In Inferno, the character is portrayed by Veronica Lazar. She masquerades as Professor Arnold's nurse for much of the film. At the climax, Mark Elliot (Leigh McCloskey) descends into the bowels of her home to confront her. He learns that Arnold is, in fact, the architect Varelli, and essentially Tenebrarum's slave. Tenebrarum's bloodlust would ultimately be her own undoing, as one of her victims, a maid, was inadvertently responsible for the house catching fire in the midst of her death throes. When Elliot comes across her, Tenebrarum laments cryptically that "It's all going to burn down... just like before." Tenebrarum is perhaps referring to Suspirias finale, during which Mater Suspiriorum is killed and her home eventually burns to the ground. After sealing the room, she laughs psychotically, makes an ambiguous speech, and disappears. However, her reflection remains in a mirror and bursts out moments later as the skeletal incarnation of Death. Elliot flees the room by breaking down the door. Tenebrarum is last seen in her skeletal form, screaming as burning debris of her home collapses around her, apparently perishing in the flames.

=== Mater Lachrymarum ===
Mater Lachrymarum, the Mother of Tears, is the most beautiful and powerful of the Three Mothers. Like Tenebrarum, her true name is unknown. Inferno suggests that her home in Rome, Italy may be located near No. 49 Via Dei Bagni - the Abertny Foundation's Biblioteca Filosofica - when Sara (Eleonora Giorgi) notices a strange sweet smell in the air. In The Mother of Tears, Lachrymarum's home is revealed to be the Palazzo Varelli.

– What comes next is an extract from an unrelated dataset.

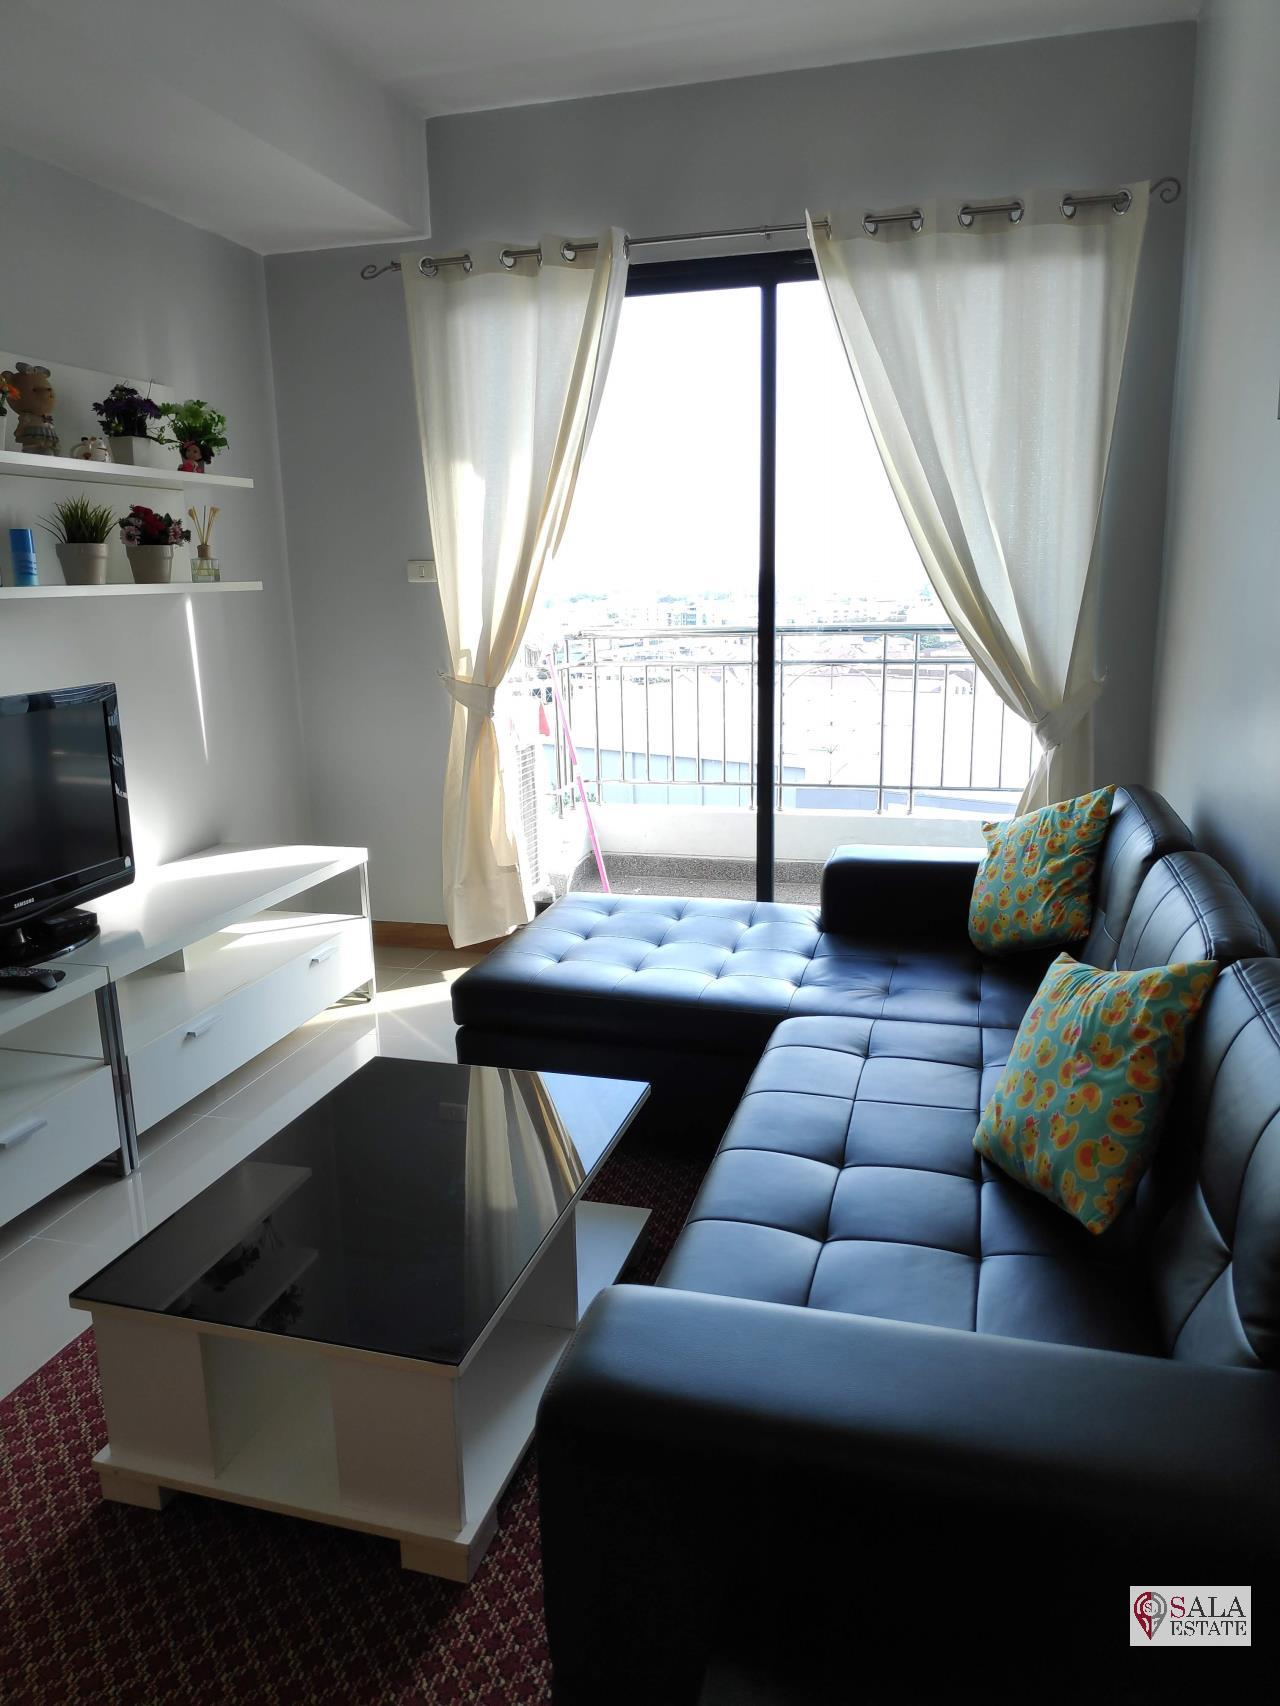 SALA ESTATE Agency's SUPALAI PREMIER NARATHIWAS – BTS CHONG NONSI, 1 BEDROOM 1 BATHROOM, FULLY FERNISHED, CITY VIEW 2

In Inferno, Lachrymarum attempted to spellbind Mark Elliot during a music lecture in Rome. According to Argento, Ania Pieroni did not return to reprise her role as Lachrymarum in The Mother of Tears because "she now has five kids!"

Lachrymarum is portrayed by Israeli actress Moran Atias in The Mother of Tears. After the deaths of her sisters, the witch has been hibernating, and is awakened when Sarah Mandy (Asia Argento) opens the urn in which her most powerful relic, a red tunic, is stored. As her minions wreak havoc on the city above, Lachrymarum hides below ground in the catacombs of her Palazzo, regaining her strength. She is defeated when Sarah Mandy discovers her subterranean lair and rips and burns her tunic, causing the Palazzo to collapse. Lachrymarum is killed when an ornamental obelisk from the top of the building crashes into the ceremonial chamber, impaling her.

== Inspiration ==
The idea of "Three Mothers" comes from "Levana and Our Ladies of Sorrow", a section of Thomas de Quincey's Suspiria de Profundis. The piece asserts that just as there are three Fates and Graces, there are also three Sorrows. They include Mater Lachrymarum (Our Lady of Tears), Mater Suspiriorum (Our Lady of Sighs), and Mater Tenebrarum (Our Lady of Darkness). The attribute of each woman (tears, sighs, shadows/darkness) is a direct translation of her name from Latin ("mater" being the Latin word for "mother").

Suspiria may derive its title from the woman delineated in de Quincey's work. Infernos title does not reference Mater Tenebrarum, but the Italian for Hell is both Inferno or Tenebre.

== Reception ==
=== Critical reaction ===

| Film | Rotten Tomatoes | Metacritic |
|---|---|---|
| Suspiria | 94% (64 reviews) | 79 (10 reviews) |
| Inferno | 65% (17 reviews) | 69 (8 reviews) |
| The Mother of Tears | 47% (68 reviews) | 52 (18 reviews) |

== In other media ==
- Frequent Argento collaborator Luigi Cozzi made The Black Cat (1989), which features a meta storyline in which an actress hired to portray "Levana, the Mother of Tears" is terrorized by the witch.
- The manga The Voynich Hotel (2006-2015) features the Three Mothers as major characters.
- The story of the Three Mothers, and specifically that of Mater Suspiriorum, returns in a reimagined form in Luca Guadagnino's 2018 remake of Suspiria.
- In the 2018 film The Night Sitter, The Three Mothers are accidentally summoned by one of the children.
- In the 2023 novel Glass House by Paul Jessup the Three Mothers are trapped in a house by the ritual death of a suicide cult.